My teaching about the fall of communism this week was supplemented by a live video conference with students living in the former Soviet Union.

Conference with Tajikistan on the Fall of the Soviet Union. We also compared American and Tajik education.

Conference with Tajikistan on the Fall of the Soviet Union. We also compared American and Tajik education.

Tajik students from Qurgonteppa collected oral histories from their parents who lived through this event, then talked to mine about what it was like from the inside. I have been incorporating skype into my classroom since 2008 and have found that students not only get excited about the novelty of the experience, but get perspectives on world events much different than their own.

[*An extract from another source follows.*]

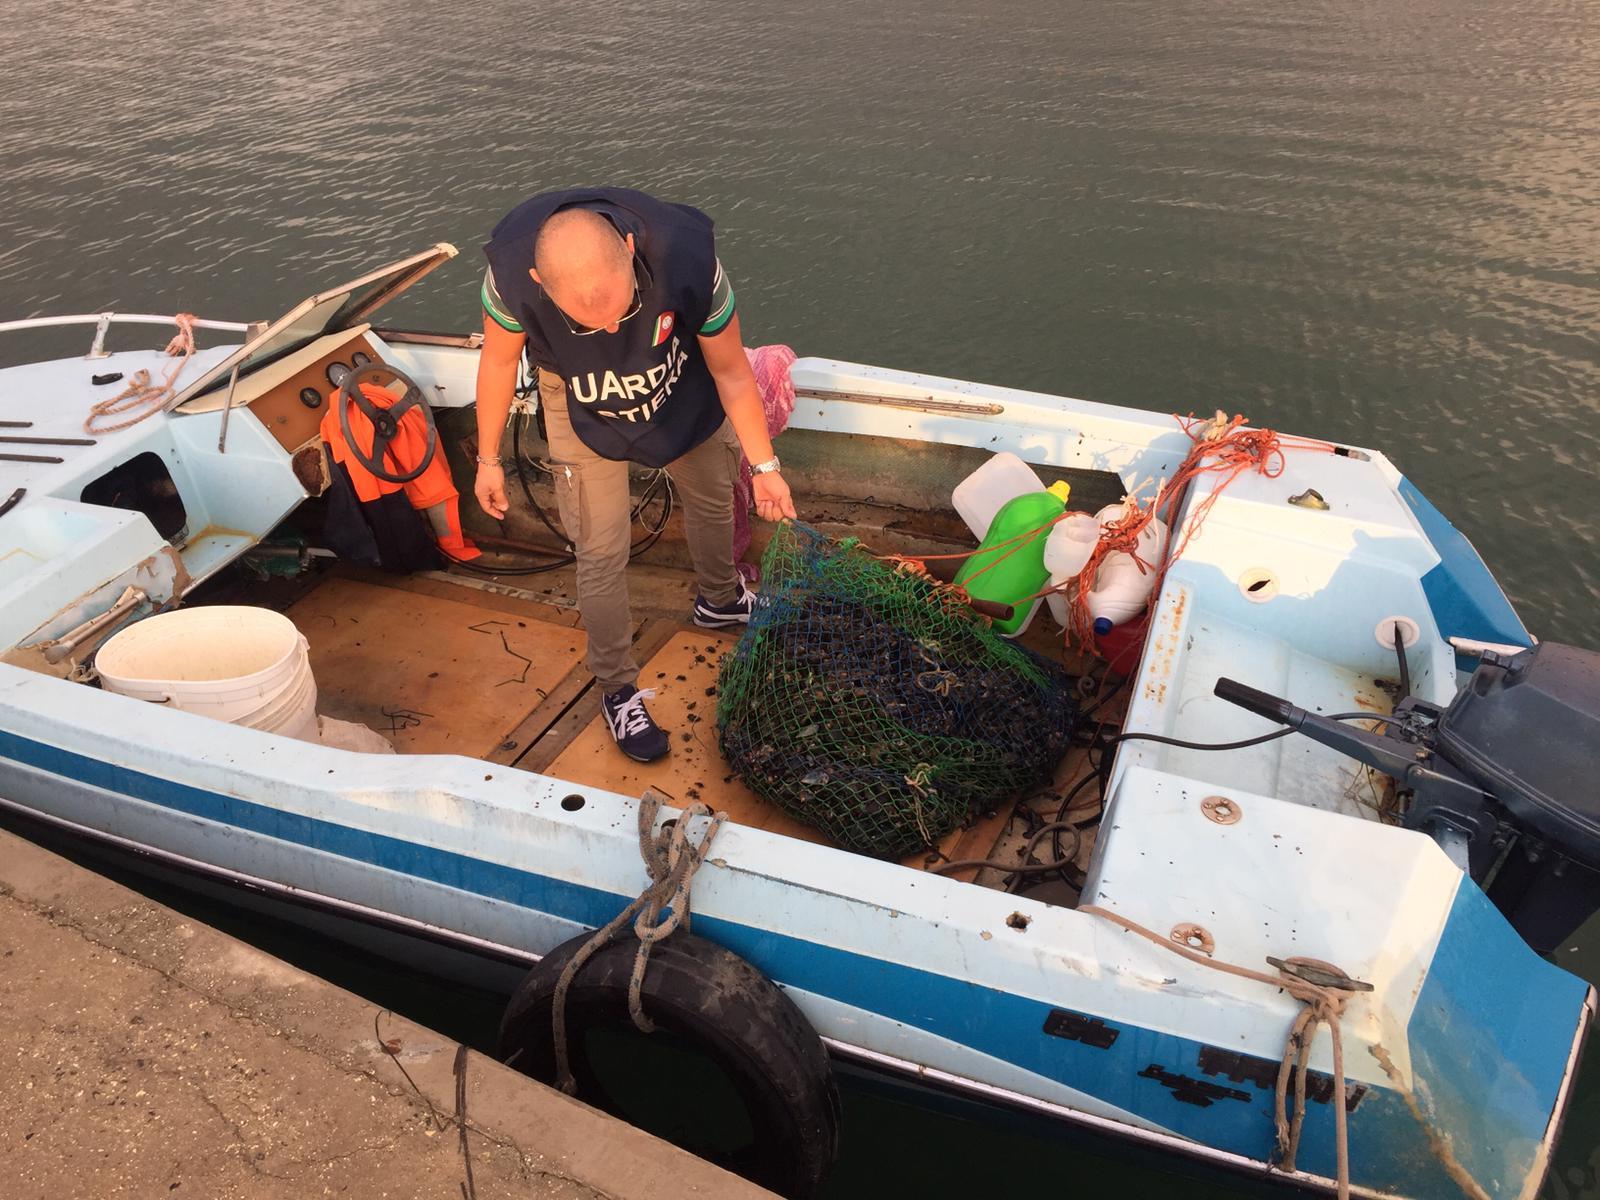 Pesca di frodo a Siracusa, sequestro di 10 chili di  prodotti ittici e 3 sanzioni

Some of my best “teachable” moments have come from the surprise my students have had during these international exchanges.

These students in Korea told us the US was hypocritical for bailing out corporations in 2008 because the US and IMF would not allow Korea to do the same thing after the Asian currency crisis of 1998.

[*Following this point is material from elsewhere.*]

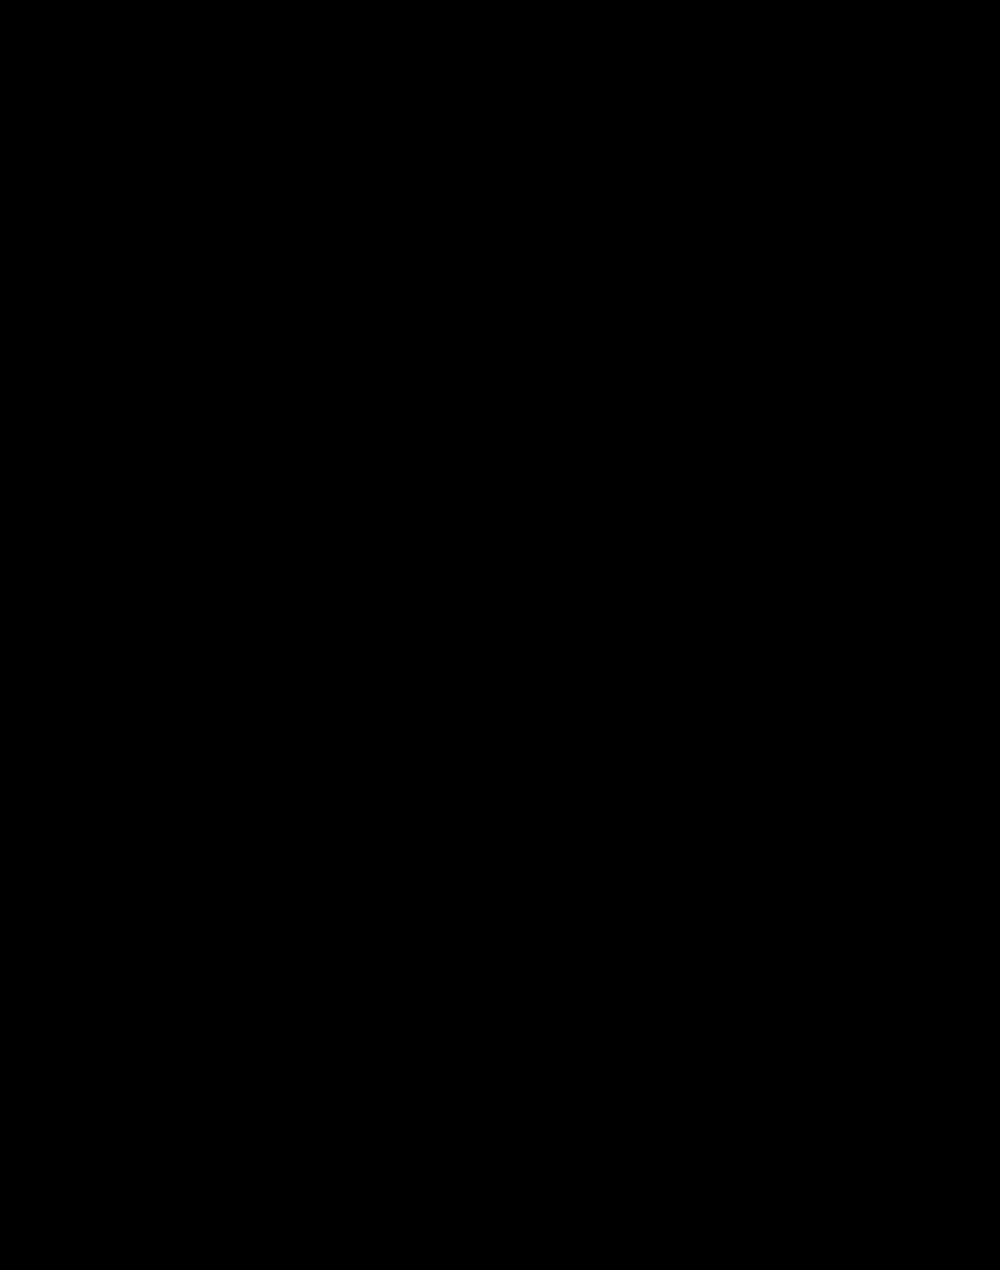 bandbclassic-black-hashtag copy.png

Korean students in Seoul told us the US was hypocritical for bailing out corporations in 2008 because the US and IMF would not allow South Korea to do the same thing after the Asian currency crisis of 1998.

For example, today my students asked the Tajiks who they thought the best political leader of the Soviet Union was . From the American point of view, it was astonishing to hear the Tajiks  debate among themselves whether this honor should fall on Lenin or Stalin. It was even more surprising when they unanimously agreed that Gorbachev, the architect of glasnost, was the worst. But after the video exchange ended, this gave me the perfect opportunity to explain to my class the historical reasons for this different perspective. No textbook reading could have ever hooked them into content as these video conferences have.

Although the outcome of these video conferences is not always as serendipitous as it was today, they have injected my classroom with excitement and real world relevance more than anything I have ever done.

These students in China explained why the issue of Taiwan is so important to them.

Chinese students explained why the issue of Taiwan is so important to them.

From Chinese students we learned their perspectives on Taiwan and the Dali Lama; from Koreans, how US policies affect people’s lives there; and from Russians, their side of the story regarding the conflict with Georgia in 2008. (My classes have also had sustained connections with students in Germany, Turkey and Greece.) In some cases, these encounters have embarrassed my students about their ignorance of the world compared to their international peers, and motivated them to learn more. Most importantly, they give my students the curiosity to ask why opinions and beliefs can be so different outside of the United States. And as Reinhold Niebuhr wrote, “To caste answers like stones at minds that have never asked the questions is the greatest pedagogical mistake.”